Fiscal health is “under threat”, says this 2020 report published by the Asian Development Bank Institute. The report’s macroeconomic analysis shows that climate change has material effects on the cost of sovereign borrowing globally. Policymakers must “ramp up” investment in climate change resilience, the authors say, to avoid substantial effects on economic growth and financial stability.
According to the authors, climate hazards and natural disaster recovery costs contribute to unsustainable national debt and central banks should prepare to become a “climate rescuer of last resort” as temperatures rise. The paper’s findings highlight the need for central banks to include climate risk in their core financial stability operations and facilitate international investment in climate mitigation and adaptation.
Considering a panel of 40 countries, the authors – John Beirne, Nuobu Renzhi and Ulrich Volz – employ both fixed panel and structural panel vector autoregressive models to conduct impulse response analysis, examining the relationship between climate vulnerability and resilience and sovereign bond yields.
The results show a consistent link between sovereign borrowing costs and climate risk. Controlling for a large set of global and domestic factors, high climate vulnerability and low climate resilience were shown to have significant and sustained upward pressure on the cost of borrowing. Permanent effects emerge on average after 12 quarters.
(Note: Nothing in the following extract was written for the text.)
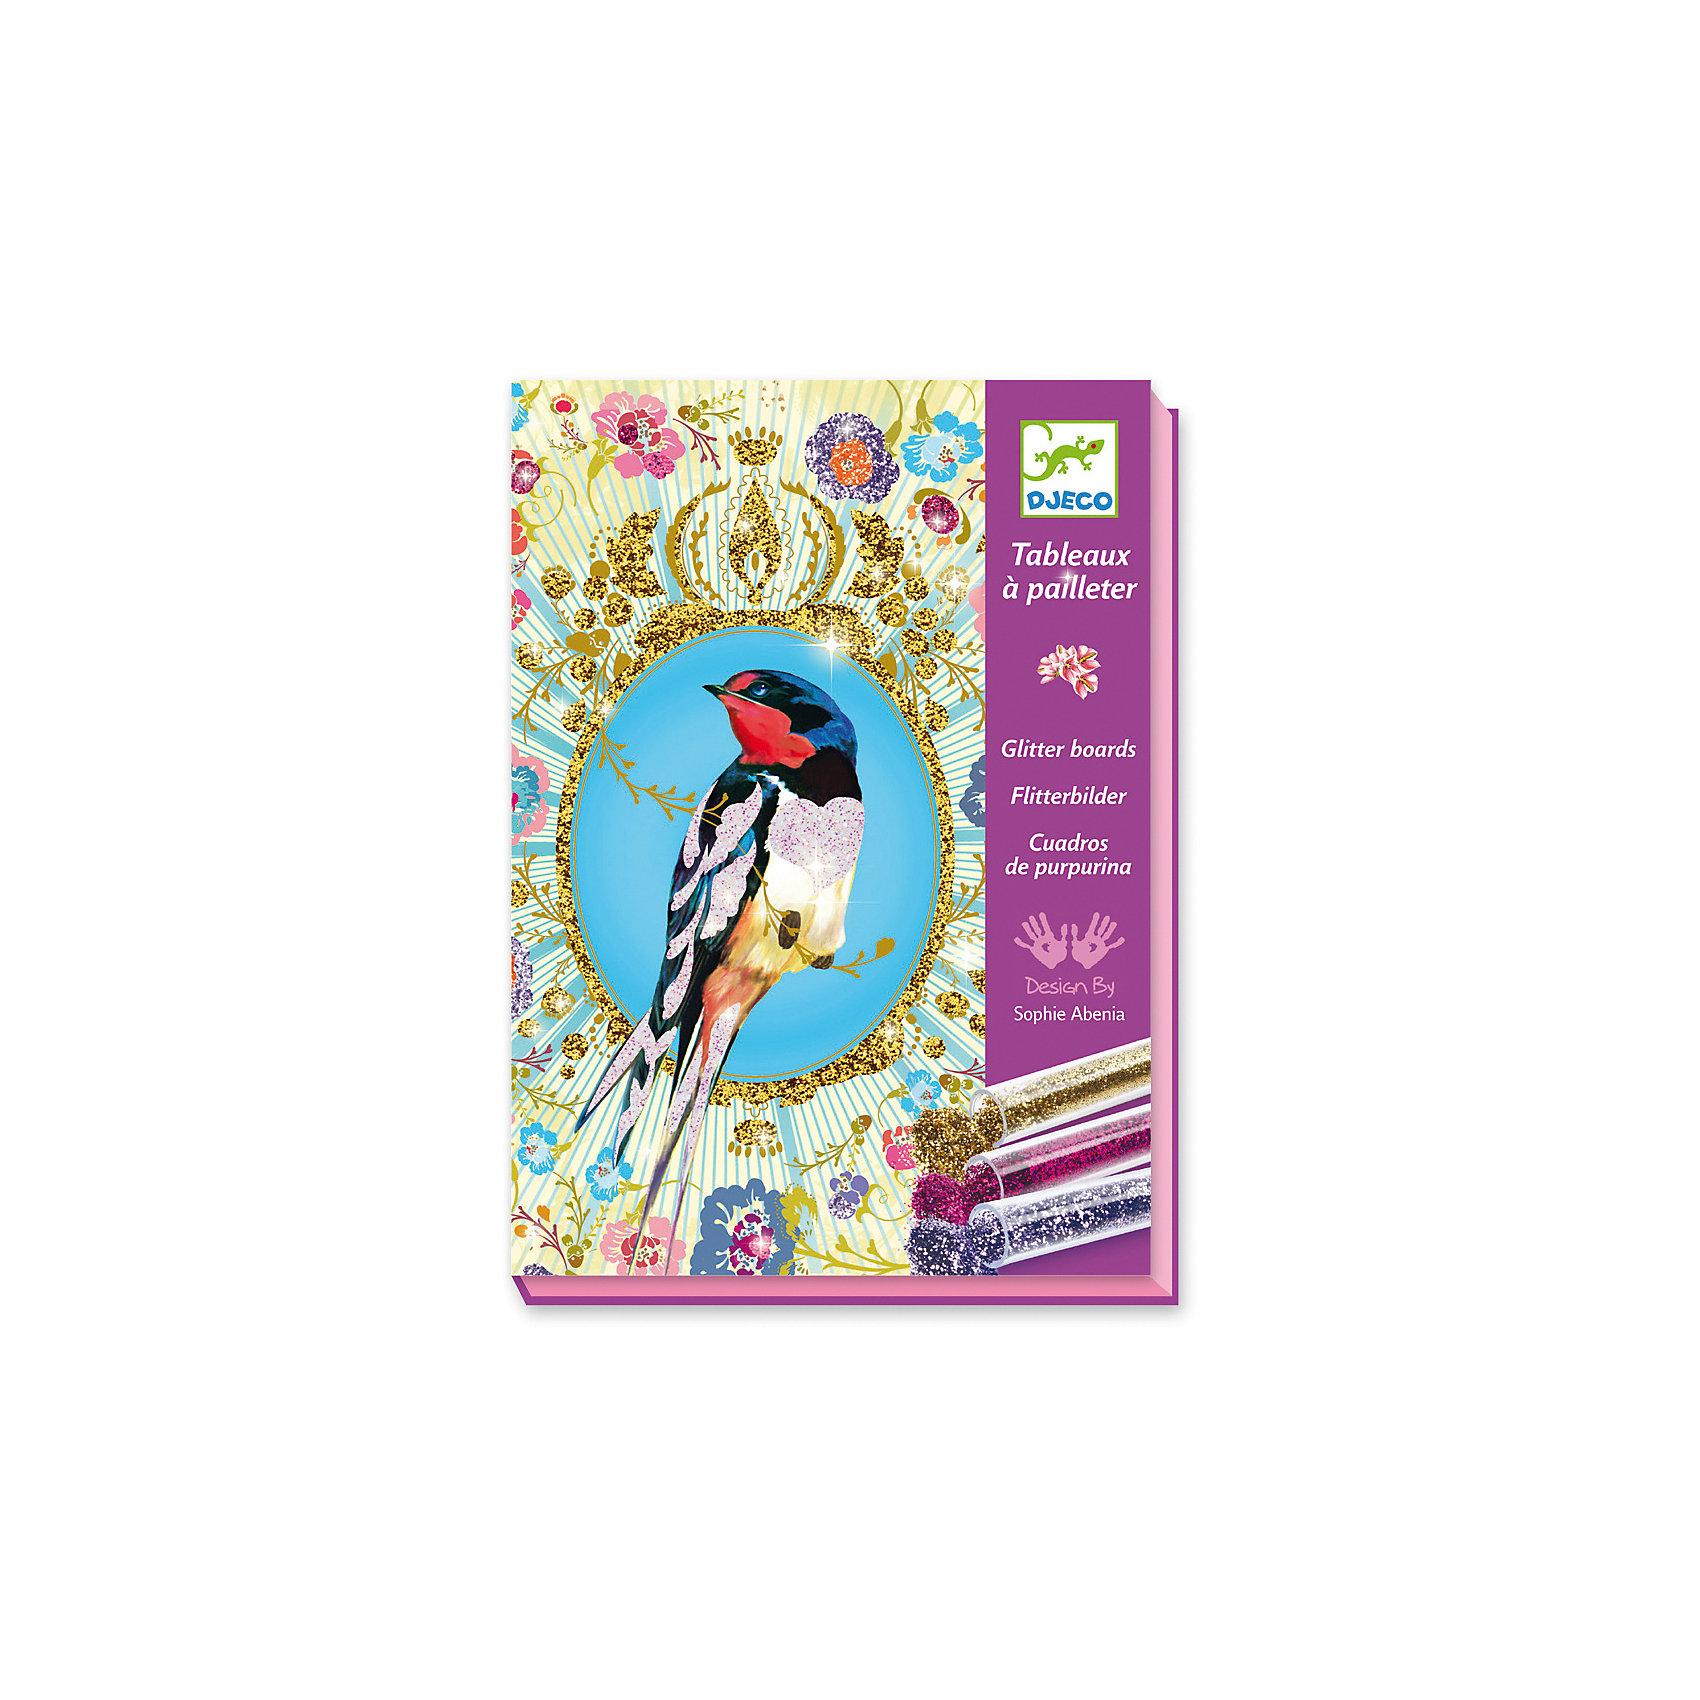 Набор для творчества «Блестящие птицы»Набор для творчества «Блестящие птицы» - это удивительно красивая раскраска блестками.<br>Набор для творчества «Блестящие птицы» от французской компании Djeco (Джеко) поможет девочкам самостоятельно создать невероятно красивые мерцающие картины. Картинки разделены на сектора и пронумерованы. На клейкий слой с помощью стека насыпается нужный цвет блесток (в соответствии с его номером), и с помощью кисти блестки равномерно распределяются. Коробка, в которой продается набор - рабочая поверхность. Раскрашивать картинку лучше в ней, рабочее место останется чистым. Коробочка набора имеет специальное отверстие для того, чтобы лишние блестки можно было ссыпать обратно в баночку. В результате кропотливой работы девочки получат 4 оригинальные открытки с изображением сказочных птичек в саду, все элементы будут блестеть и переливаться. Такие картинки украсят детскую комнату, станут замечательным подарком друзьям и родственникам. Набор для творчества «Блестящие птицы» развивает мелкую моторику рук, воображение, усидчивость и творческие способности.<br><br>Дополнительная информация:<br><br>- В наборе: 4 шаблона рисунков (15х21 см) на клейкой основе, 6 тюбиков с разноцветными блёстками, кисть, специальный стек, пошаговая инструкция<br>- Размер упаковки: 23 х 17 х 4 см.<br>- Вес: 450 гр. <br><br>Набор для творчества «Блестящие птицы» можно купить в нашем интернет-магазине.<br><br>Ширина мм: 230<br>Глубина мм: 170<br>Высота мм: 40<br>Вес г: 450<br>Возраст от месяцев: 84<br>Возраст до месяцев: 156<br>Пол: Унисекс<br>Возраст: Детский<br>SKU: 4305791

The largest effects were seen in countries with high climate risk exposures, including Singapore, Japan, the Netherlands and Korea. The results also show that emerging and developing economies experience a substantially higher, and disproportionate, risk premium.
The authors call for a precautionary approach which facilitates investment in climate adaptation and creates a more proportionate distribution of climate risk. This is especially important as credit rating agencies increasingly include climate risk in sovereign ratings.
The paper makes an essential contribution to understanding the nexus between climate risk and sovereign debt sustainability.